7
Arlekin
7y

Python ecosystem drives me nuts!

Not the language tho, i kinda like it, and some features are damn straight awesome.

But ecosystem... man!

The way ppl write code in it, the lack of documentation (or in quality of it)...

I recently wanted to check how library does one thing (debug purposes), and not only i had to track some method up 3 classes, the other method i hunted only by signature and still i have no idea how it ends up being accessible where it should...

"Explicit is better than implicit" my ass...

Also dev managed to make the code very unreadable. In Python. Language with such strong opinions about code formatting. HOW ?!!

And the worst part is, it wasn't that big of a library and didn't really need the full freaking Enterprise OOP treatment with layers over layers of generally named classes and fucked up architecture.

FUCK THAT LIB, FUCK THAT DEV, FUCK IT ALL !!!

PS.
Project seems to be abandoned for a year or two, so there is hardly an option to fix things with the author sadly :(

Comments
  • 0
    I agree with you totally.

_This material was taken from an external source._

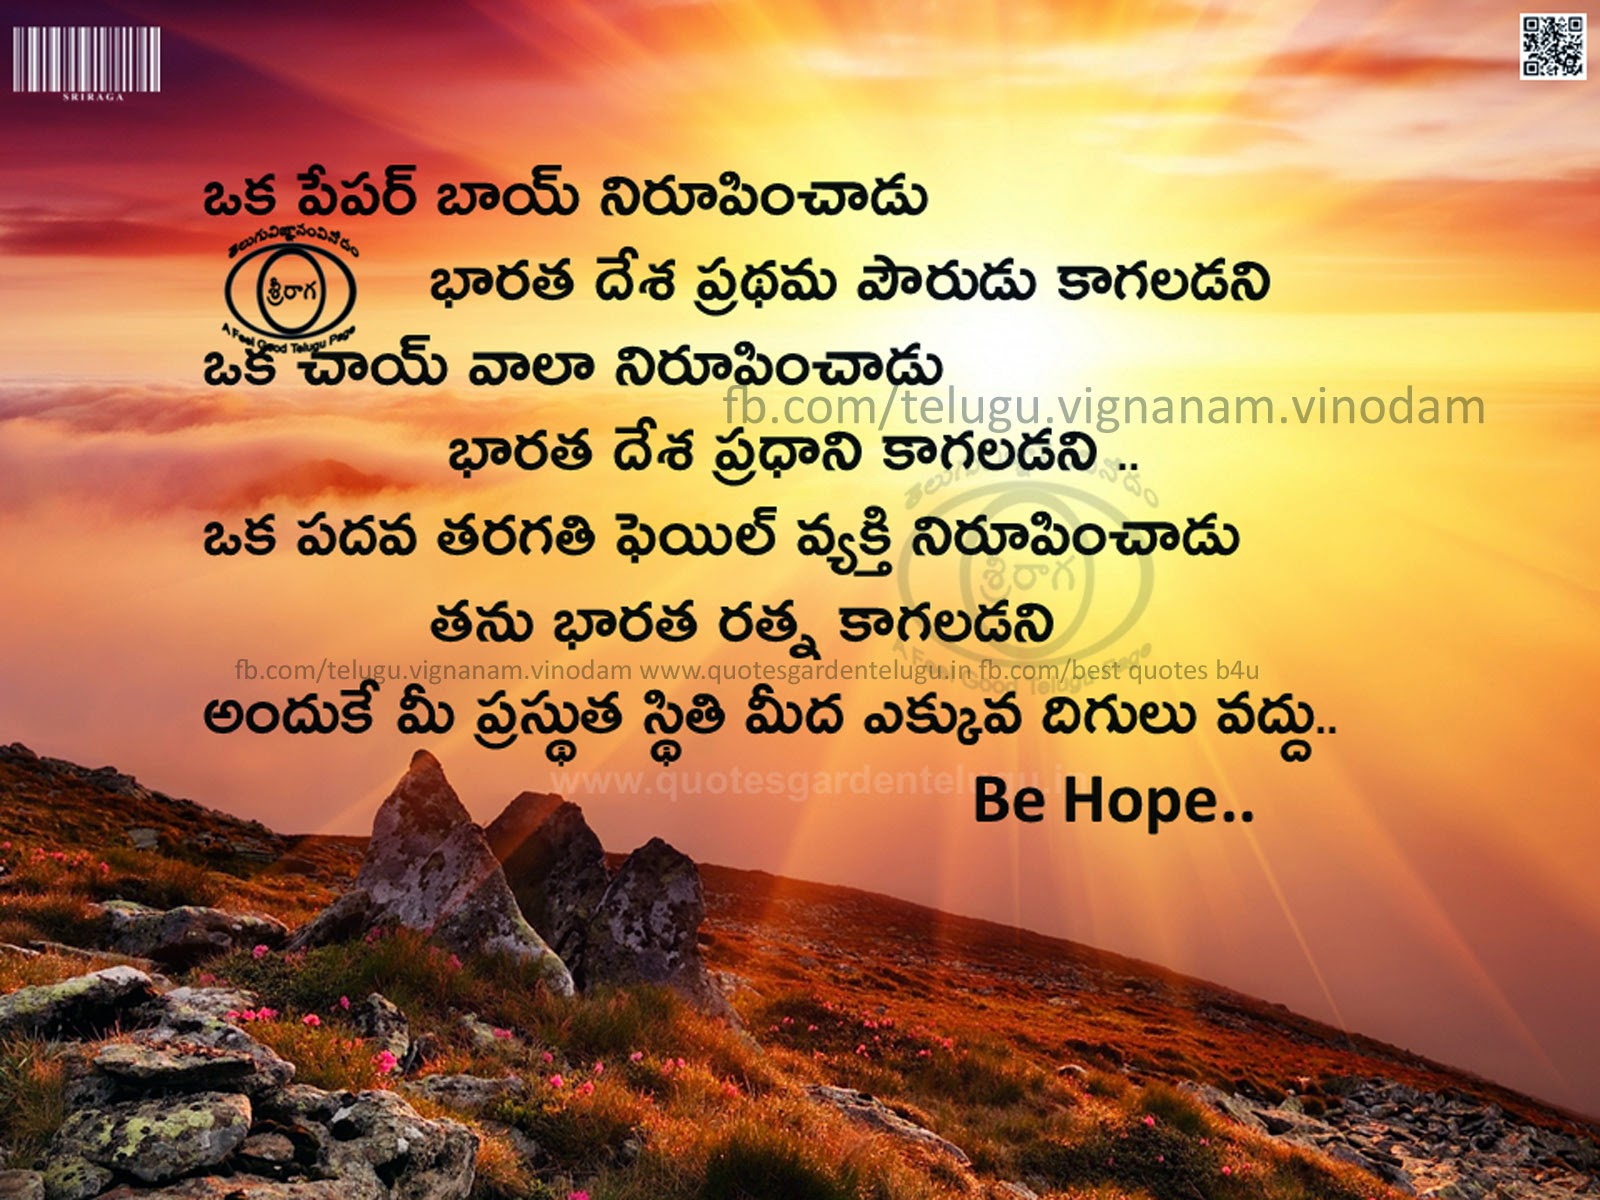 Best Telugu Quotations wall papers and images photoes

Some modules are very crucial and useful for development (re) and have bugs since we came down from the trees. The reason is: community driven. And if they don't find someone who thinks pythonic, they probably started to employ former C-programmers to populate the Python library. Result: Lots of compressed, complex code, meta-meta classes, one part written in C the other half written in unintelligible Python.
  • 3
    Ptojects tend to get abandoned when people don't contribute and just take things for granted.

    Everyone should learn to raise issues and send PRs if they don't like something.
  • 1
    @Arlekin THANK YOU. I've been saying that for the last two years but no one at my (now previous) job seemed to listen.
    I'm a more-than-decent .NET dev but I had to code in python (to interop with C, of all things). I complained about the ecosystem and docs and bugs in lambda closures, but my bosses just gave me shit about not being able to deliver a POC. They wanted the project to be in python because it's "trendy". Now they're stuck with a python codebase, and no one who knows python. it's a shame, really.